Intracortical connectivity increases from superficial to deep. A, Statistical comparison of the connectivity coefficient of L2S, L2P (as distinguished by the cluster analysis), and L3P. From layer II, L2Ps (7.3 ± 2.2, n = 13) and L3Ps (7.7 ± 2.5, n = 15) display a significantly higher connectivity coefficient than L2Ss (1.0 ± 0.3, n = 19; L2P vs L2S, p < 0.001; L3P vs L2S, p < 0.05). Compared with L2Ss, L2Ps do not display significantly larger intracortical connectivity from superficial layer III (L2P: 5.2 ± 1.4, n = 13; L2S: 1.2 ± 0.5, n = 15; L2P vs L2S) and from deep layer III (L2P: 6.7 ± 3.1, n = 14; L2S: 1.8 ± 0.8, n = 15; L2P vs L2S). From both superficial and deep layer III, L3Ps were significantly higher connected than L2Ss (superficial layer III, L3Ps: 14.4 ± 4.3, n = 14; deep layer III, L2Ps: 15.6 ± 2.8, n = 17; superficial layer III, L3P vs L2S: p < 0.01; deep layer III, L3P vs L2S: p < 0.01).
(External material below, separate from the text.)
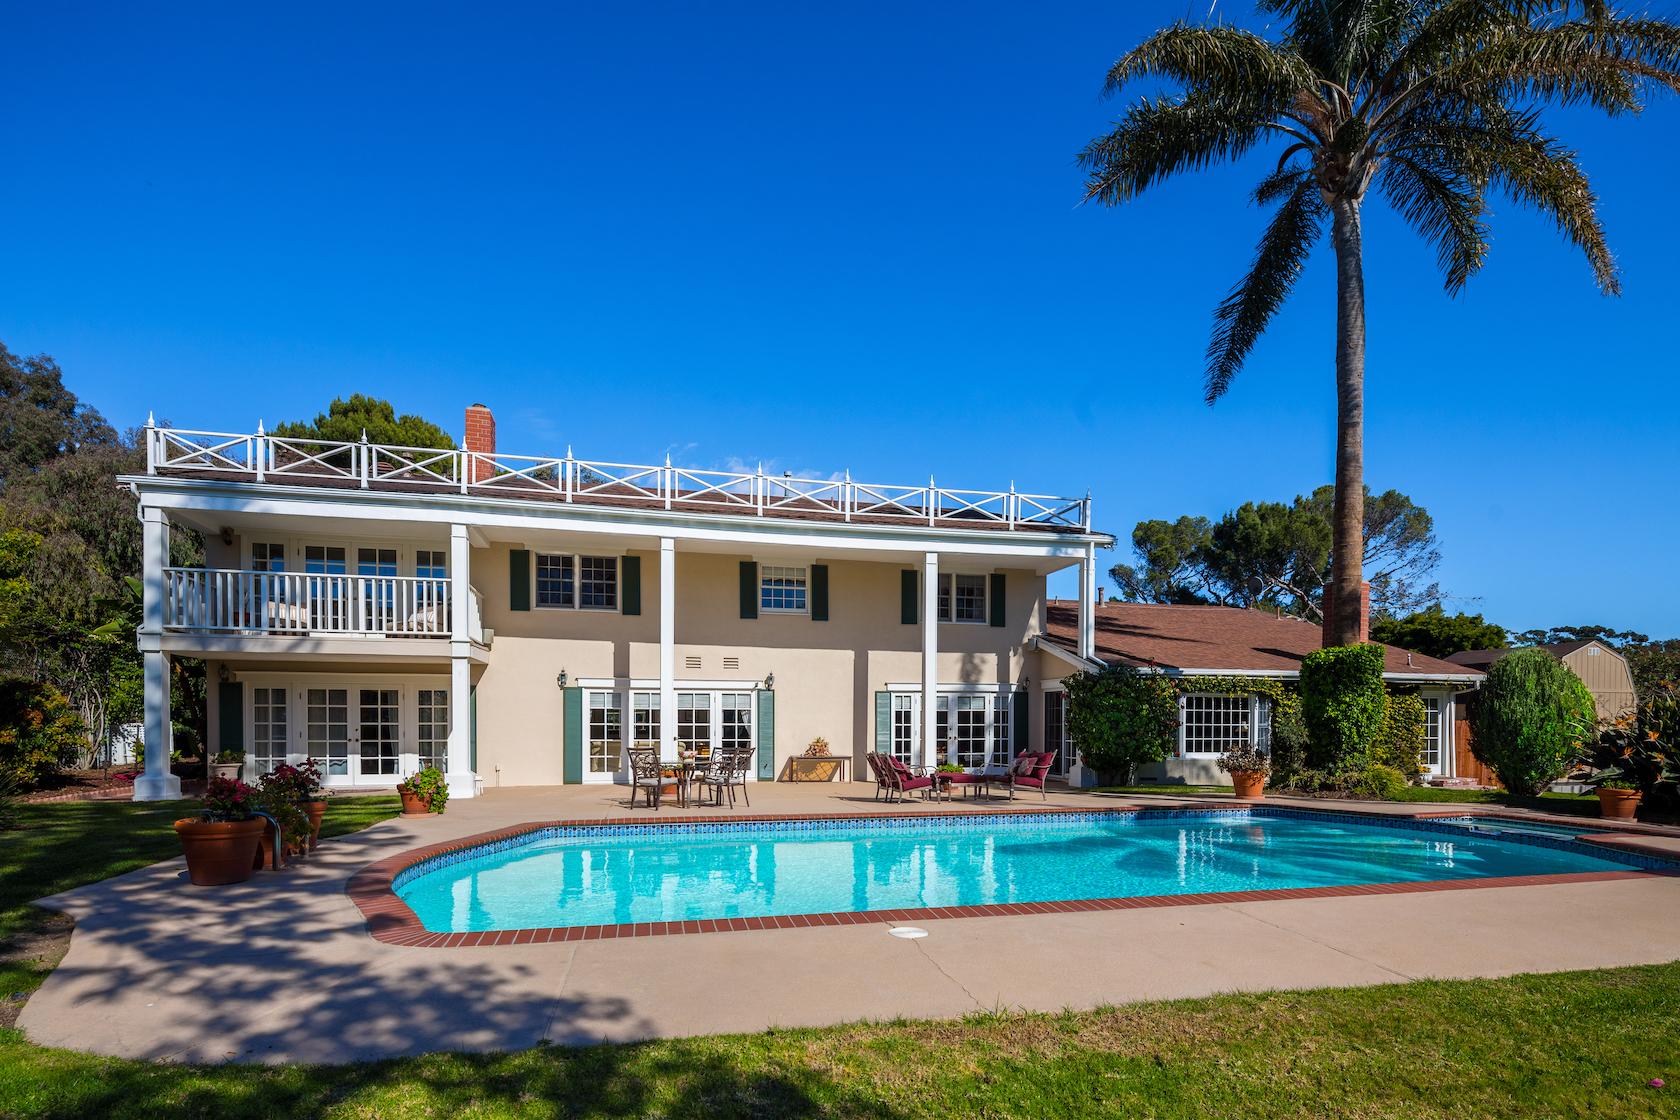 034 6509 Wandermere Road Malibu For Sale Lease The Malibu Life Team Luxury Real Estate.jpg

From layer II and superficial layer III, the average intracortical connectivity of L2Ps was not significantly different compared with L3Ps (layer II: L2P, 7.3 ± 2.2; L3P, 7.7 ± 2.5; p > 0.05; layer III: L2P, 5.2 ± 1.4; L3P, 14.4 ± 4.3; L2Ps vs L3Ps: p > 0.05). From deep layer III, we observed a significantly higher connectivity index for L3Ps than for L2Ps (L2P, 6.7 ± 3; L3P, 15.6 ± 2.8; p < 0.01, Kruskal–Wallis test used for all comparisons). B, Overall connectivity from all layers correlates with the target cell's input resistance (r = −0.49; p < 0.001; n = 53). C, Overall connectivity from all layers correlates with the target cell's burst index (r = 0.66; p < 0.001; n = 53).

L3Ps receive asymmetric inputs on the ventrodorsal axis. A, Left, DIC image of the aPC superimposed with the layering used for analysis. Right, Scanning raster and layering in the same magnification; positive synaptic points indicative of source-cell activation are colored in green, and the target cell is depicted by a green triangle. B, Median (black lines) and 75% percentiles of the position coefficient Δ are plotted for layer II, superficial III, and deep III for L2Ps (blue) and L3Ps (green). L2Ps show symmetrically distributed intracortical inputs [layer II median Δ, 0.12 (n = 14); superficial layer III Δ, 0 (n = 13); deep layer III Δ, 0 (n = 12); p > 0.05 for deep layer III vs layer II inputs onto L2Ps, Mann–Whitney U test]. L3Ps have a clearly asymmetric position shift of their deep inputs toward the dorsal orientation [layer II median Δ, −0.12 (n = 14); superficial layer III Δ, 0 (n = 16); deep layer III median Δ, −0.34 (n = 18); p < 0.05 for deep layer III vs layer II inputs onto L3Ps, Mann–Whitney U test].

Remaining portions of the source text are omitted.